The federal government's omnibus crime bill, currently being debated by the Senate, has launched a widespread conversation in Canada about the justice and penal systems. While the commentary and analysis has covered a number of different perspectives, including cost, effect on the court system, prison overcrowding, and imprisonment vs rehabilitation, there has been little attention paid to another important aspect of the debate, the effect of incarceration on families.

In the latest issue of Transition magazine released today, the Vanier Institute of the Family focuses on these effects through a family lens.

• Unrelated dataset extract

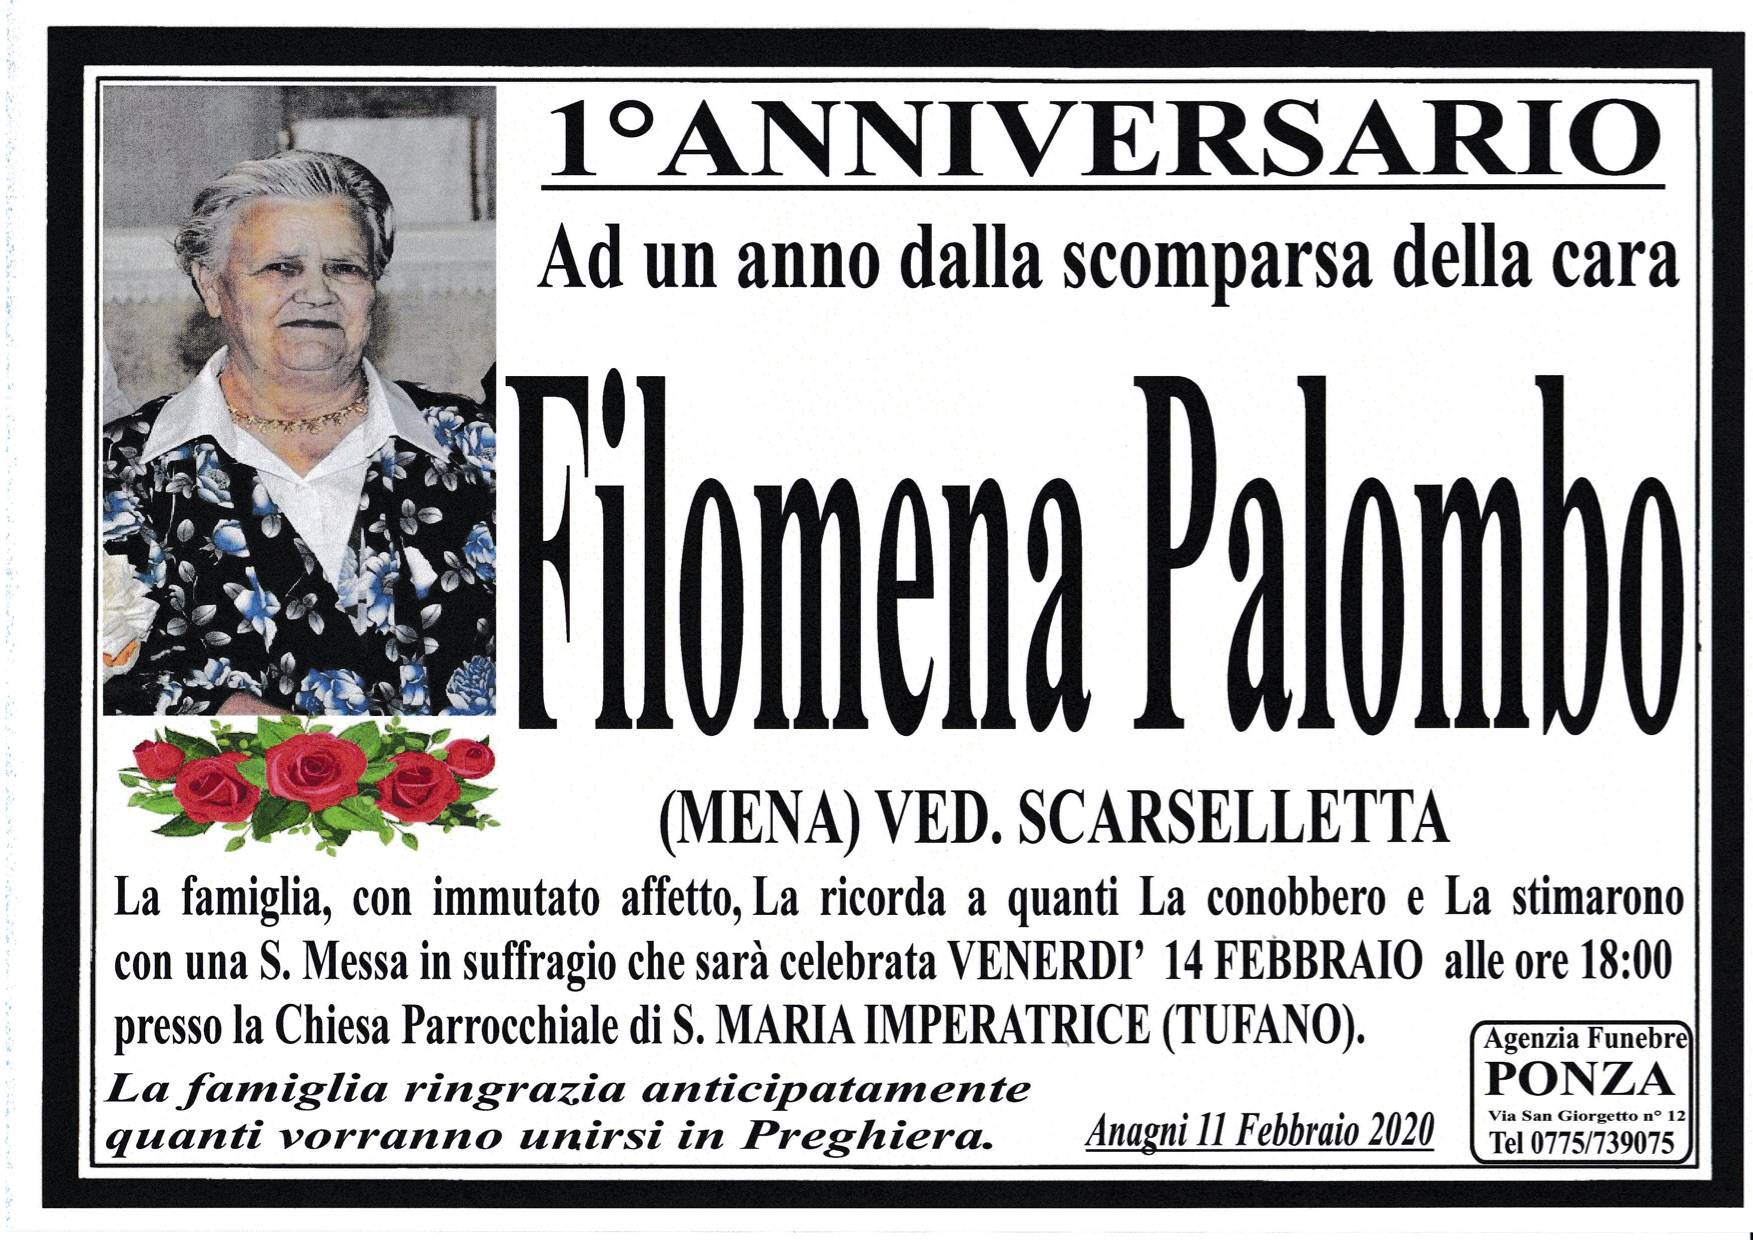 Filomena Palombo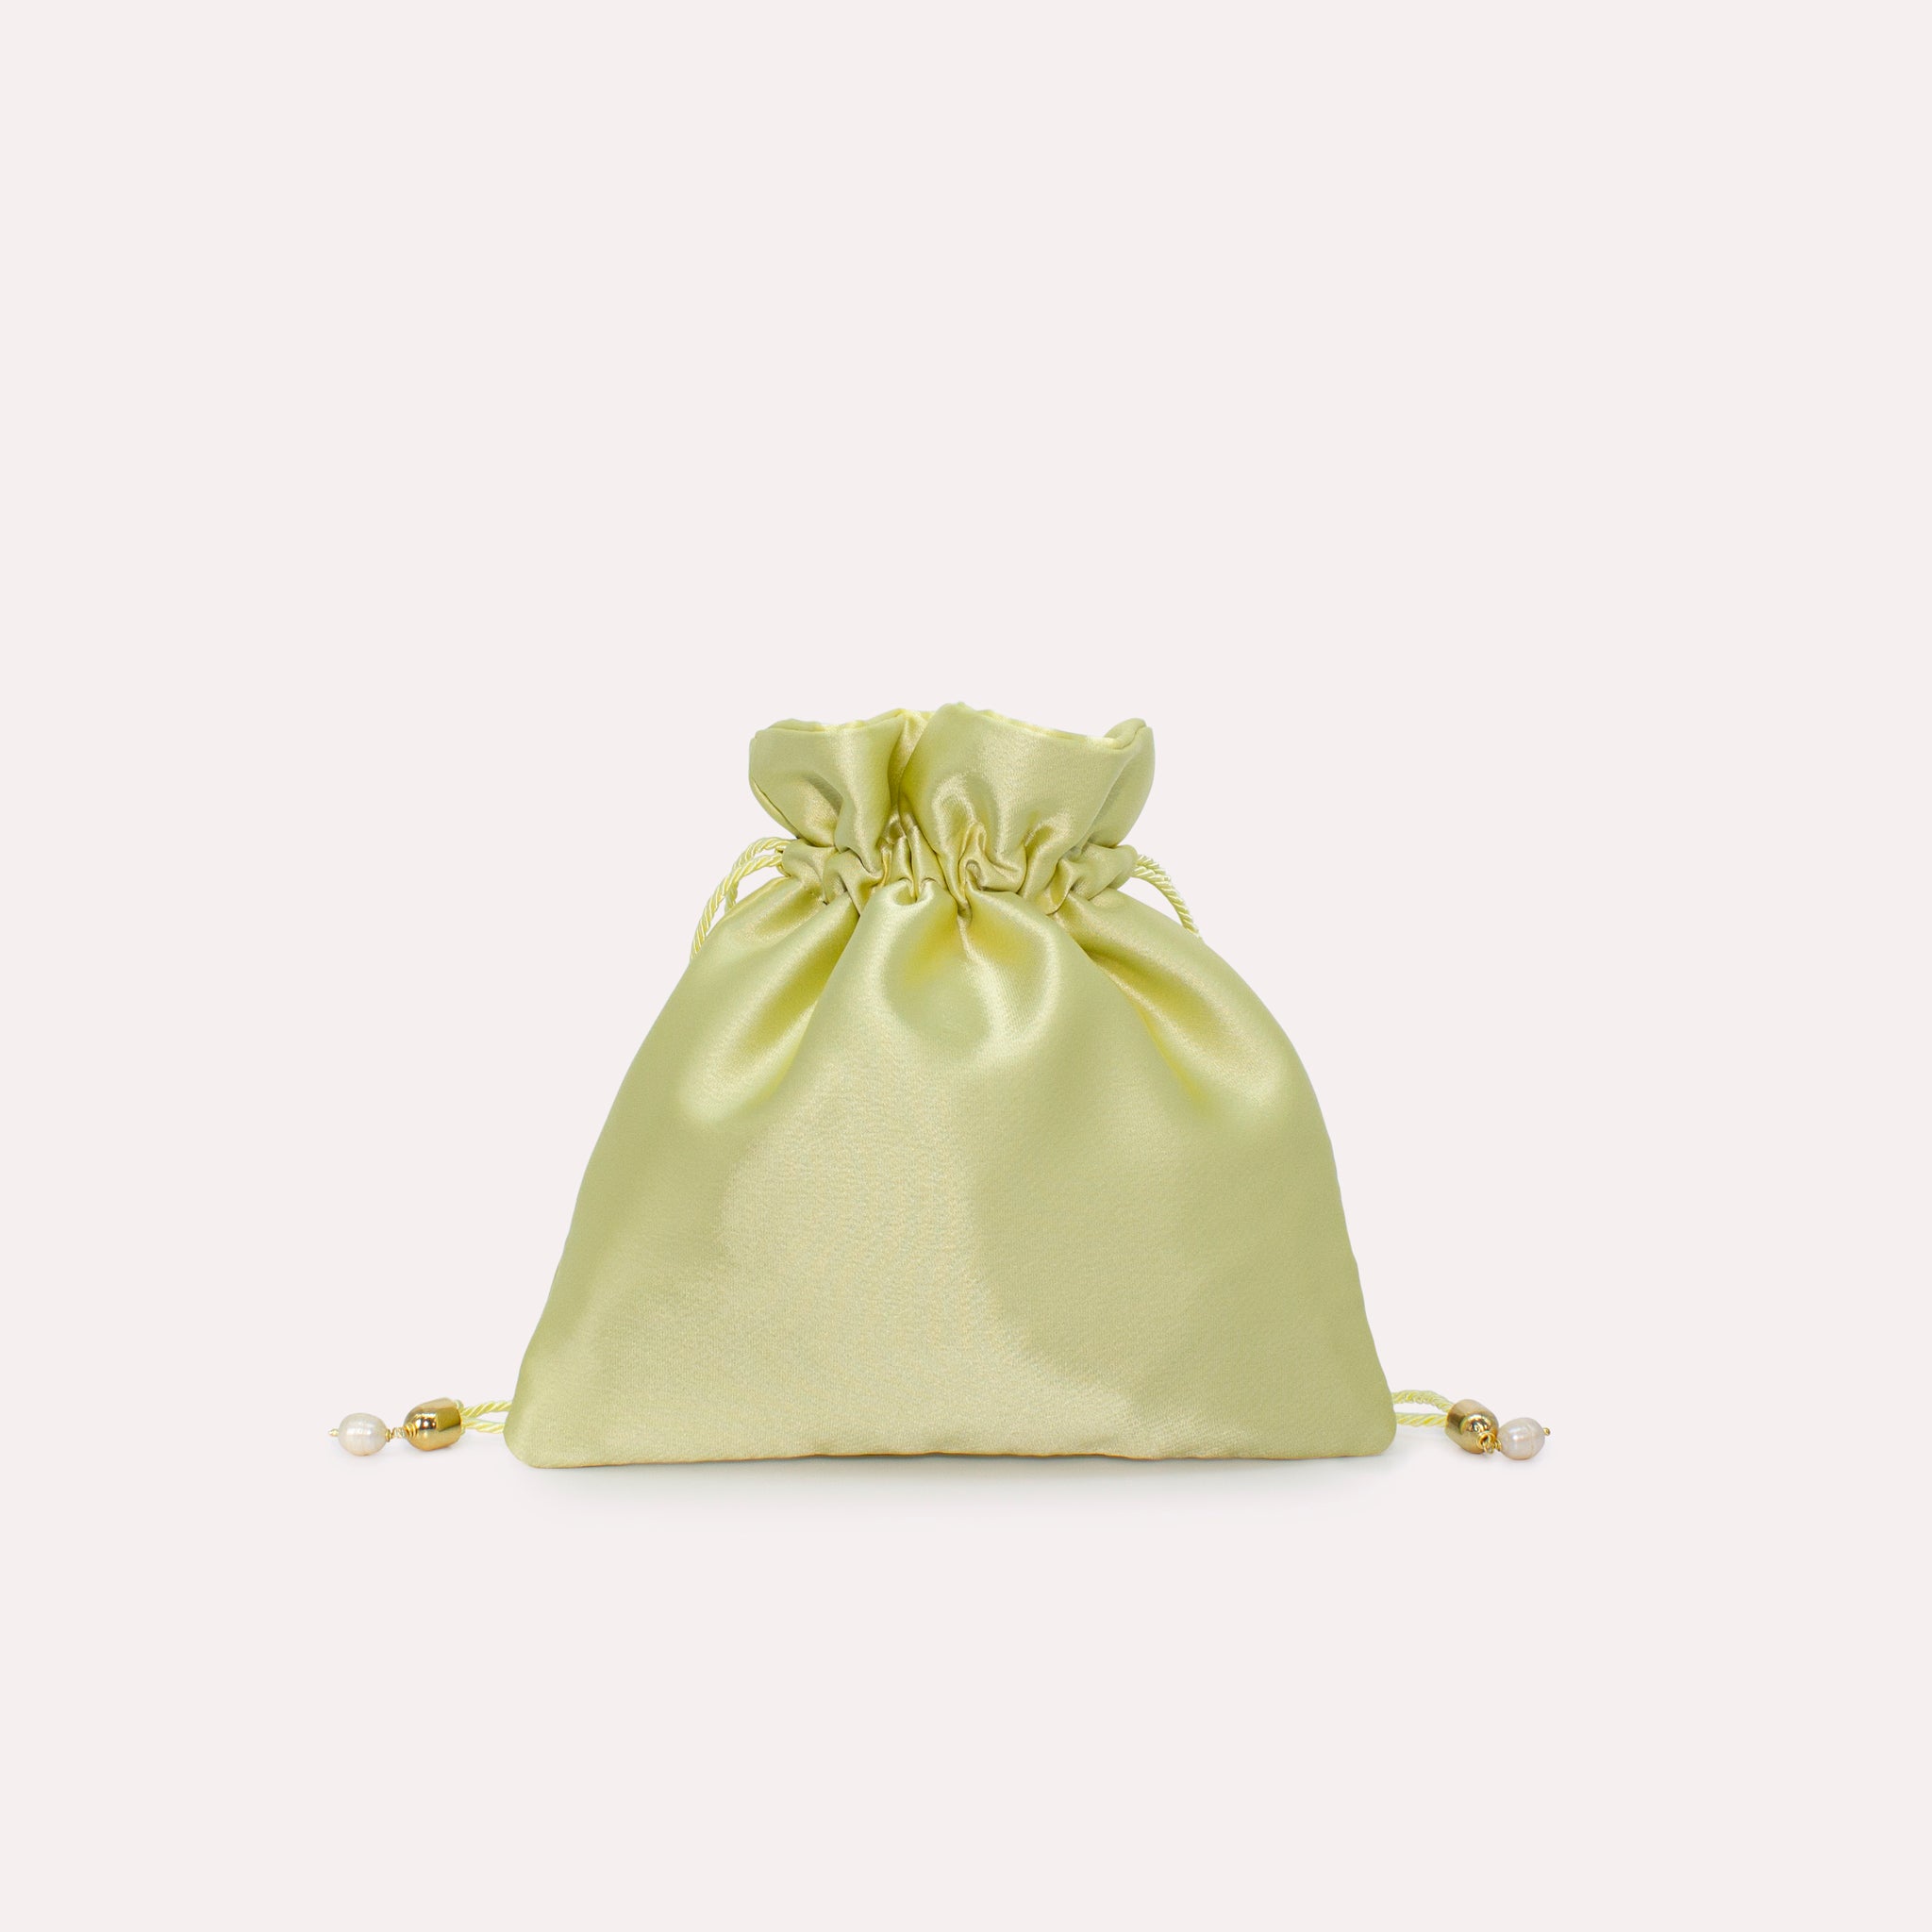 Mini Bag in colorazione pastel lime

In "Waiting for Mommy: Children of Incarcerated Women", authors Alison Cunningham and Linda Baker explore the staggering emotional and practical costs to the children of women in prison. They report that it is children who feel the brunt of maternal incarceration and who carry the shame and stigma of having a mom in prison. This, in turn, creates stress in their own young lives, stress for which they may not have the coping skills or the ability to manage.

Contributor Julie Thompson, in her article "Striding Toward a Just Community", examines the challenges of reintegrating female inmates back into the community, and how, without the proper supports, many of these women have considerable difficulty trying to resume a normal life.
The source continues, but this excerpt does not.